Top of RECORDS SUPPLIED
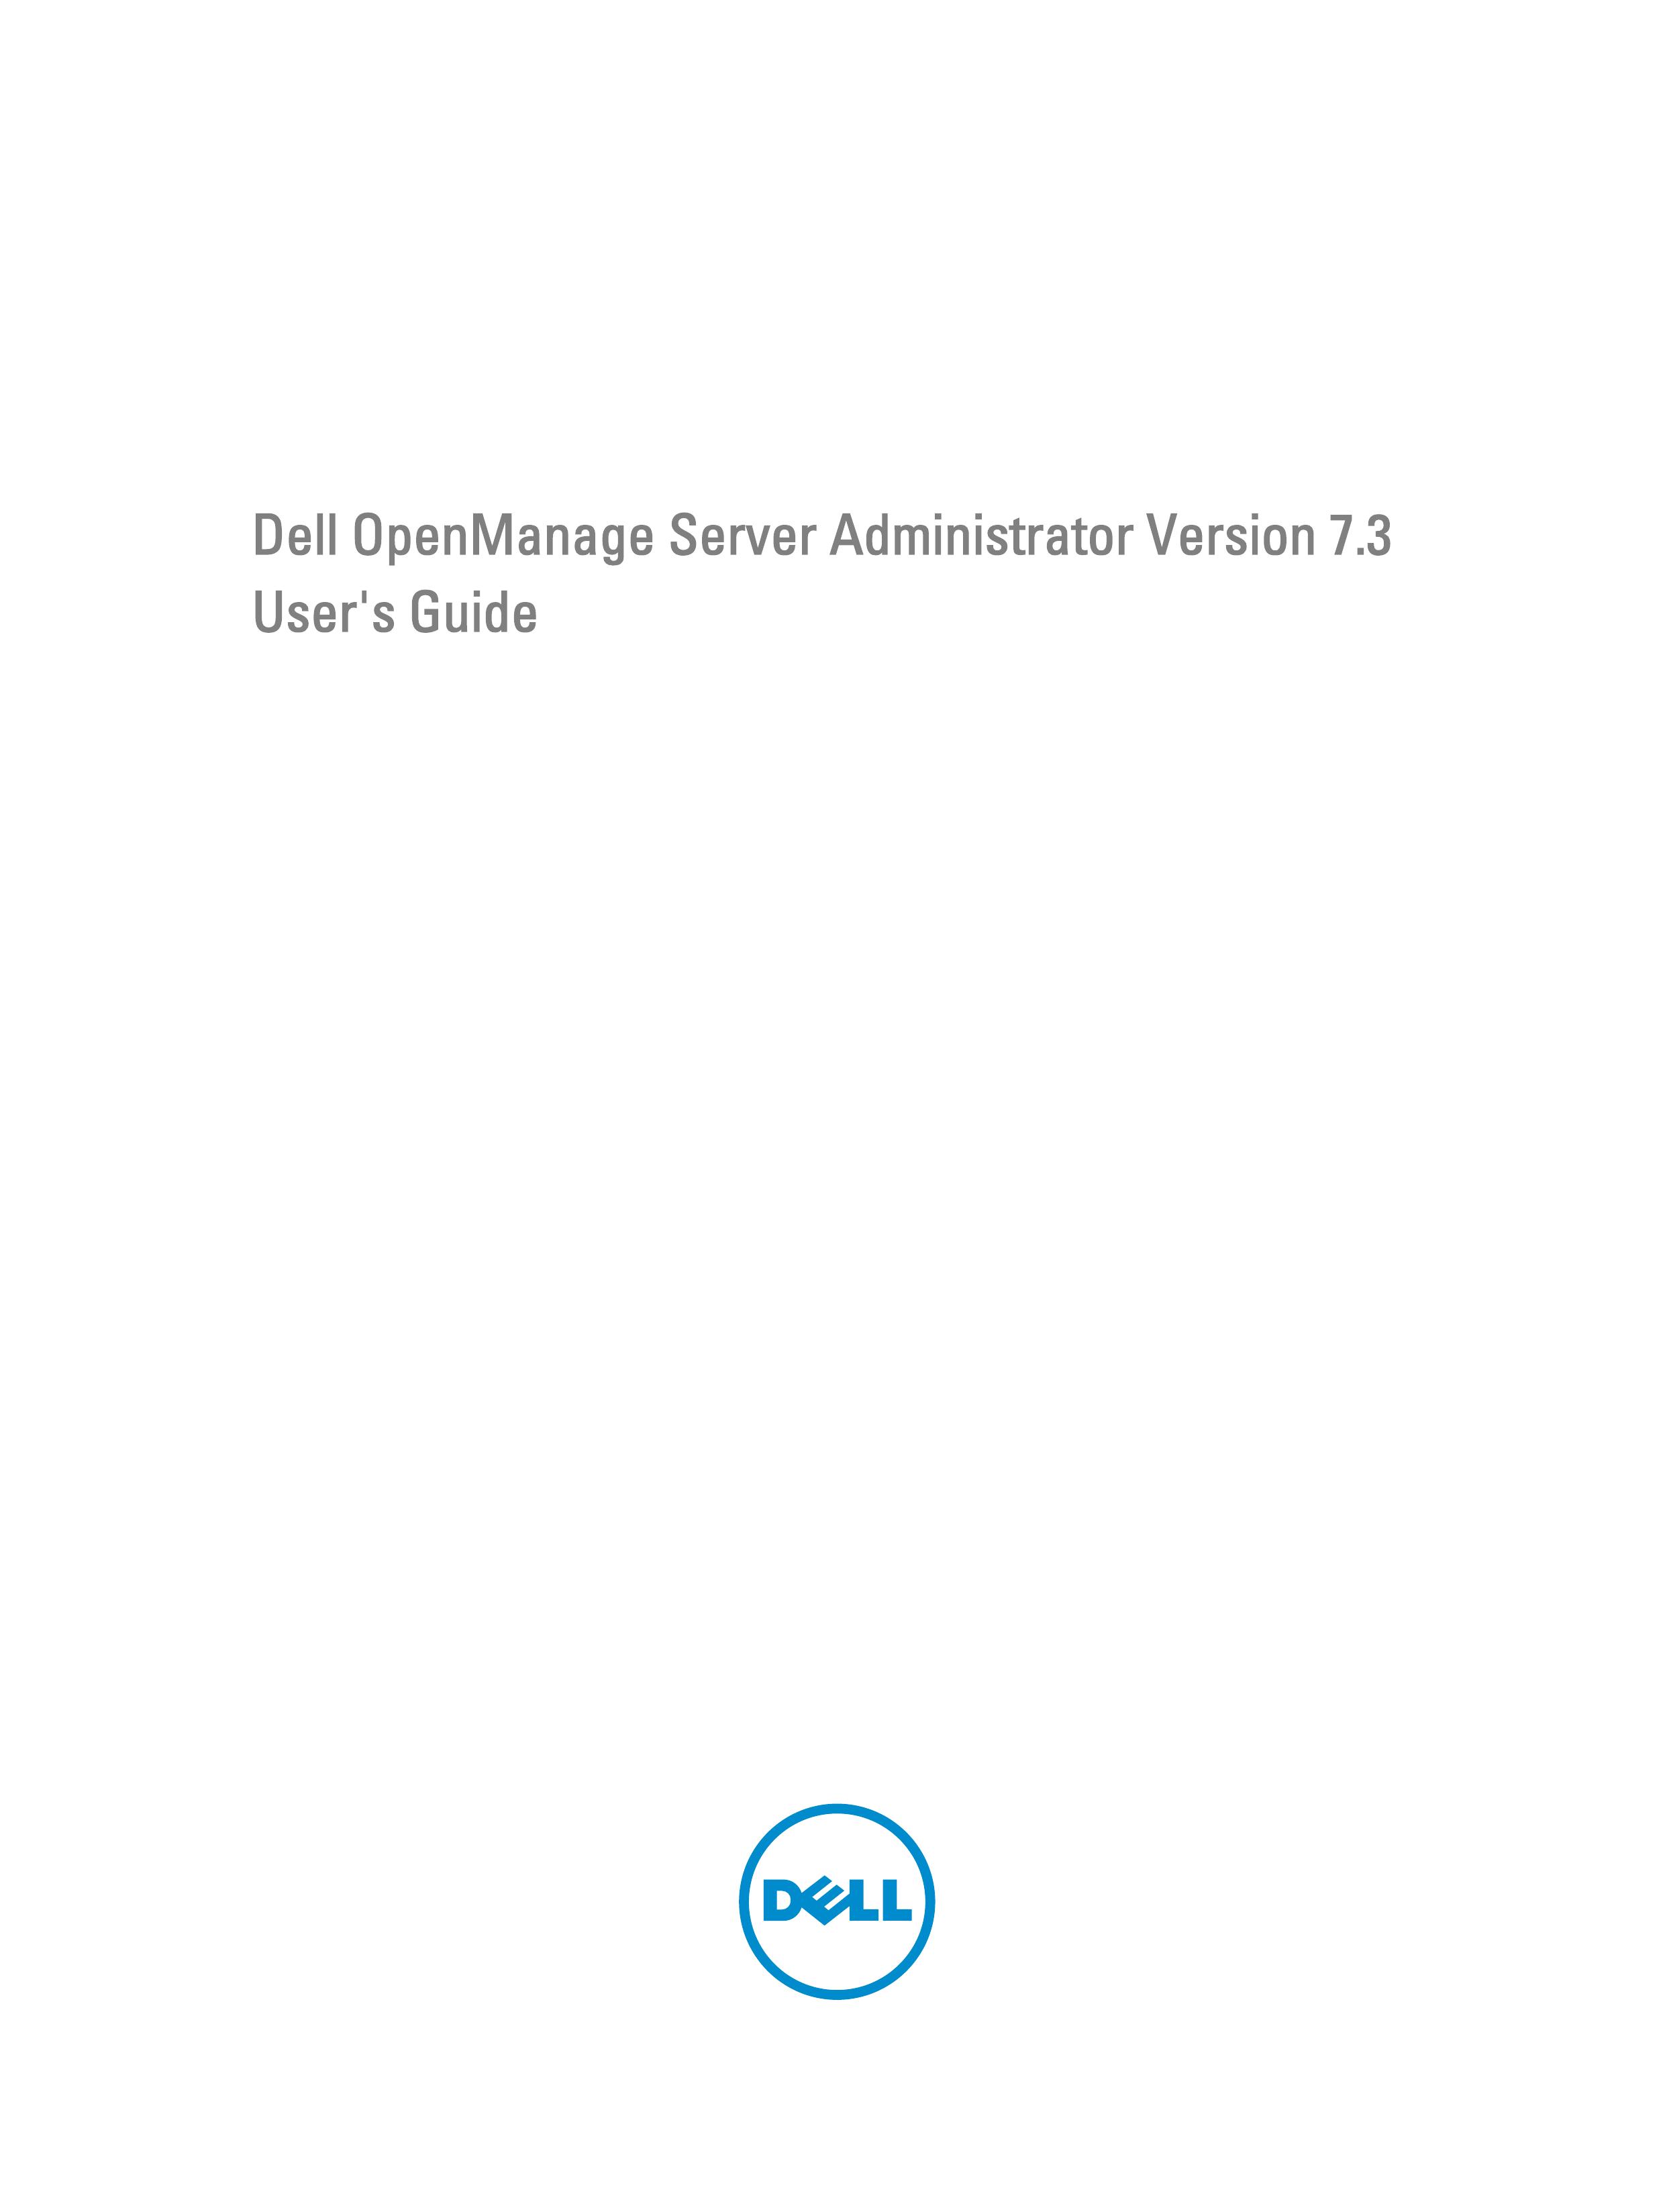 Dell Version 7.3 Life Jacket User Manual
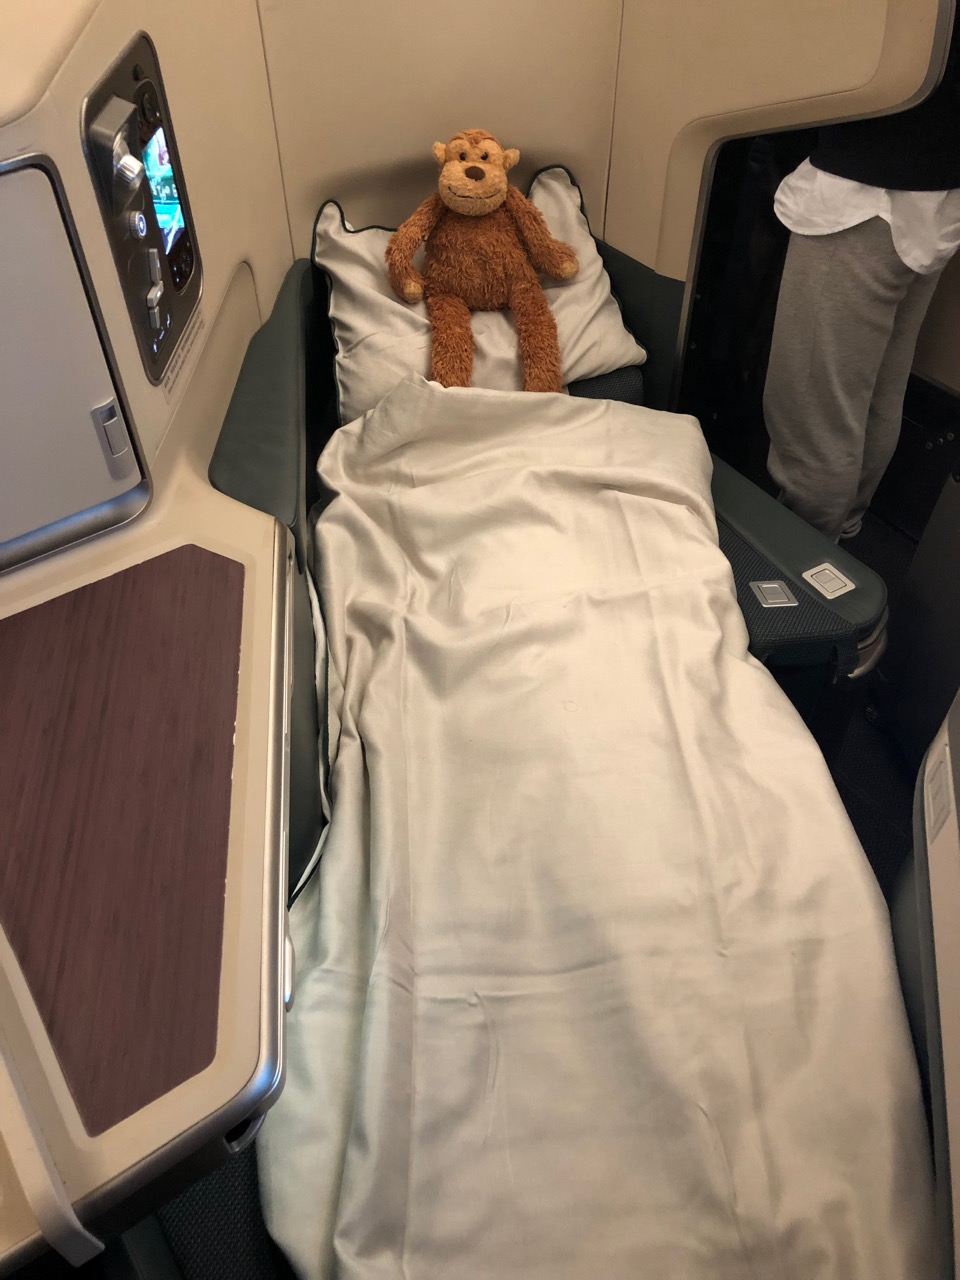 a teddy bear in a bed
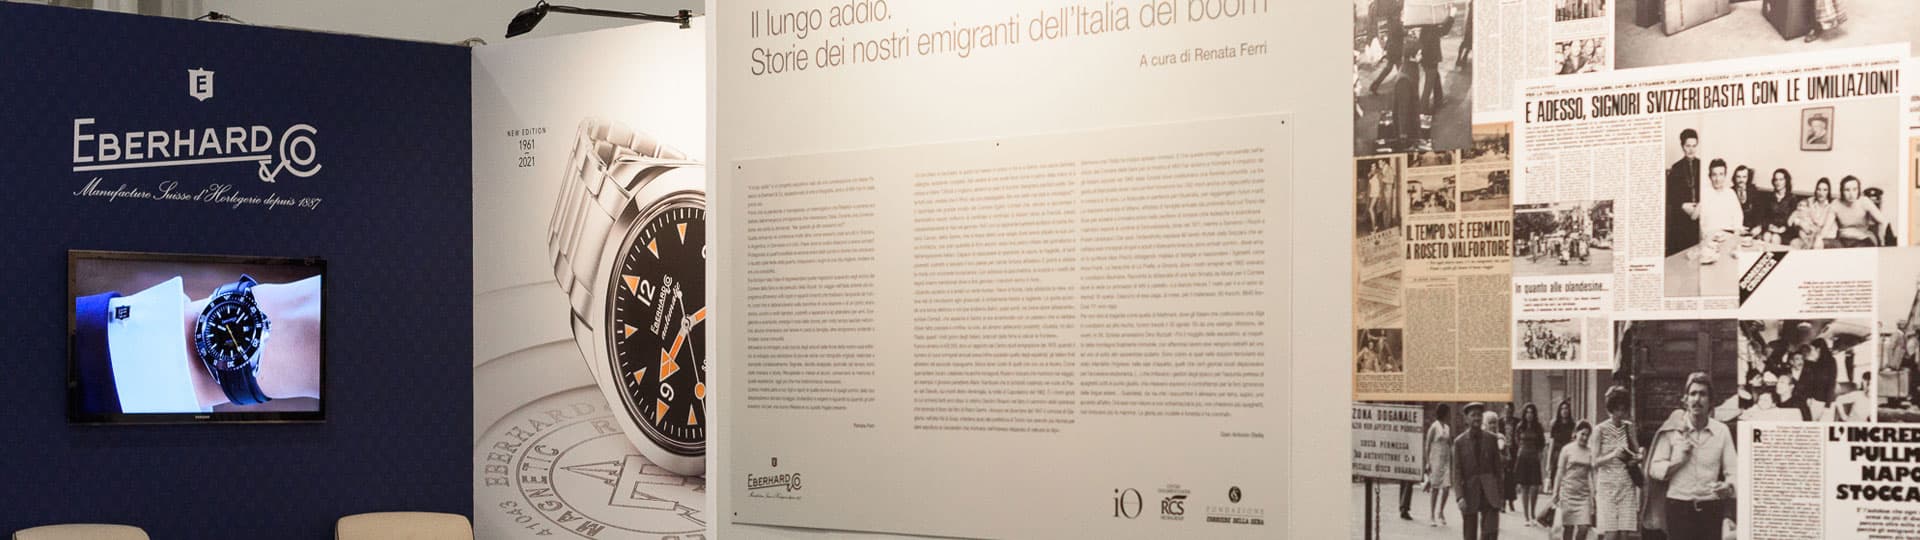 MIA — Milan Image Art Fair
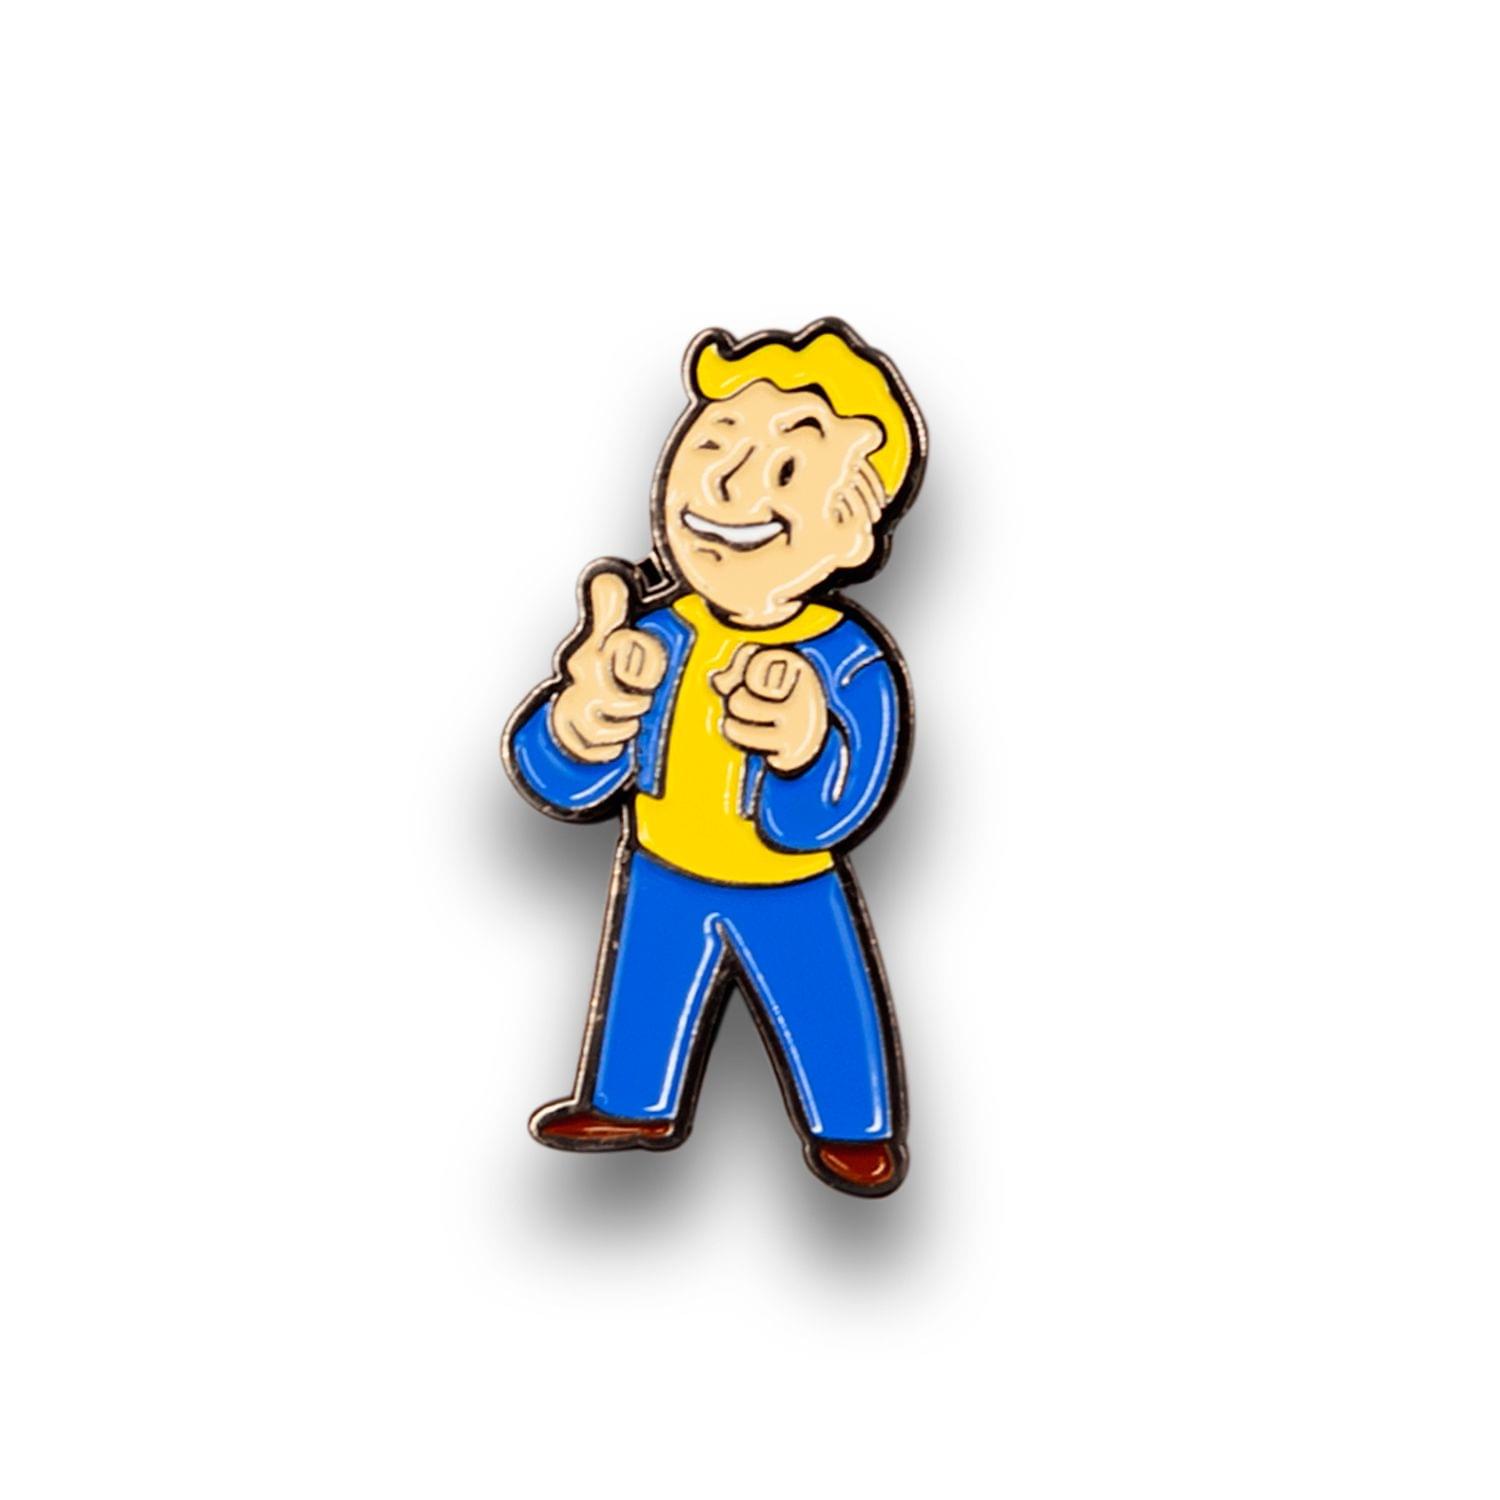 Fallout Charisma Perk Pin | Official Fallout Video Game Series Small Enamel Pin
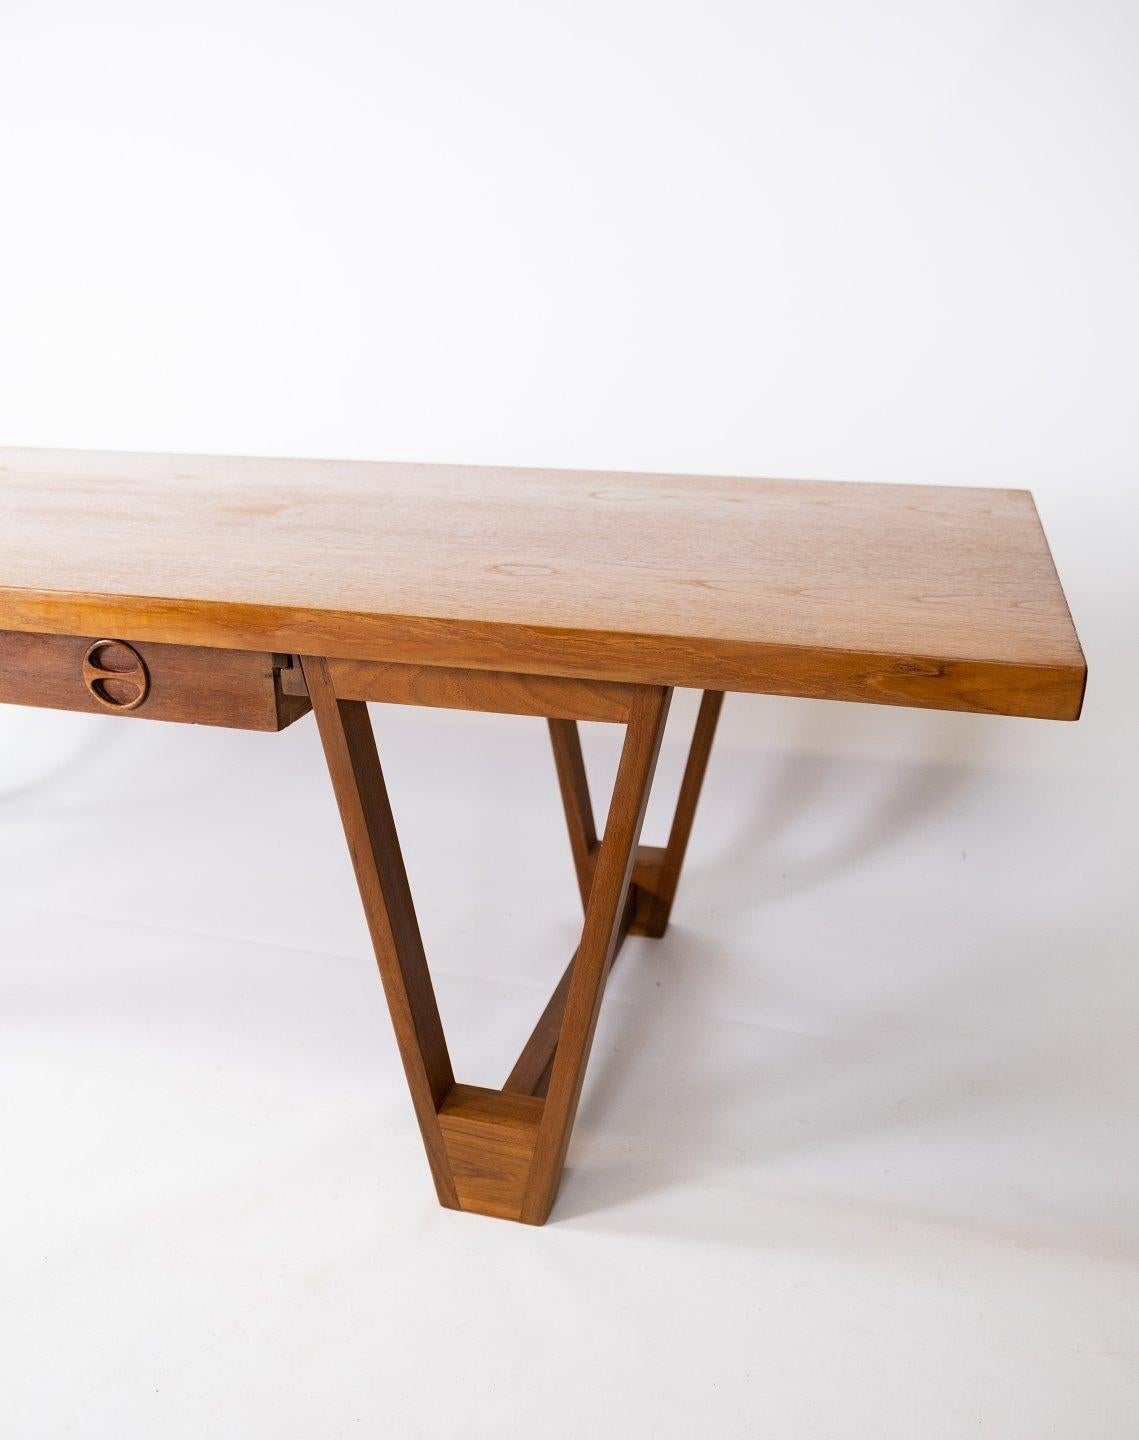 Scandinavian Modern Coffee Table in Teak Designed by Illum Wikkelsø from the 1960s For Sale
Bottom of RECORDS SUPPLIED
**YOUR TASK:**
Repeat the records word for word. Leave out whatever pictures they hold.

**YOUR RESPONSE:**
 Dell Version 7.3 Life Jacket User Manual
 a teddy bear in a bed
 MIA — Milan Image Art Fair
 Fallout Charisma Perk Pin | Official Fallout Video Game Series Small Enamel Pin
 Scandinavian Modern Coffee Table in Teak Designed by Illum Wikkelsø from the 1960s For Sale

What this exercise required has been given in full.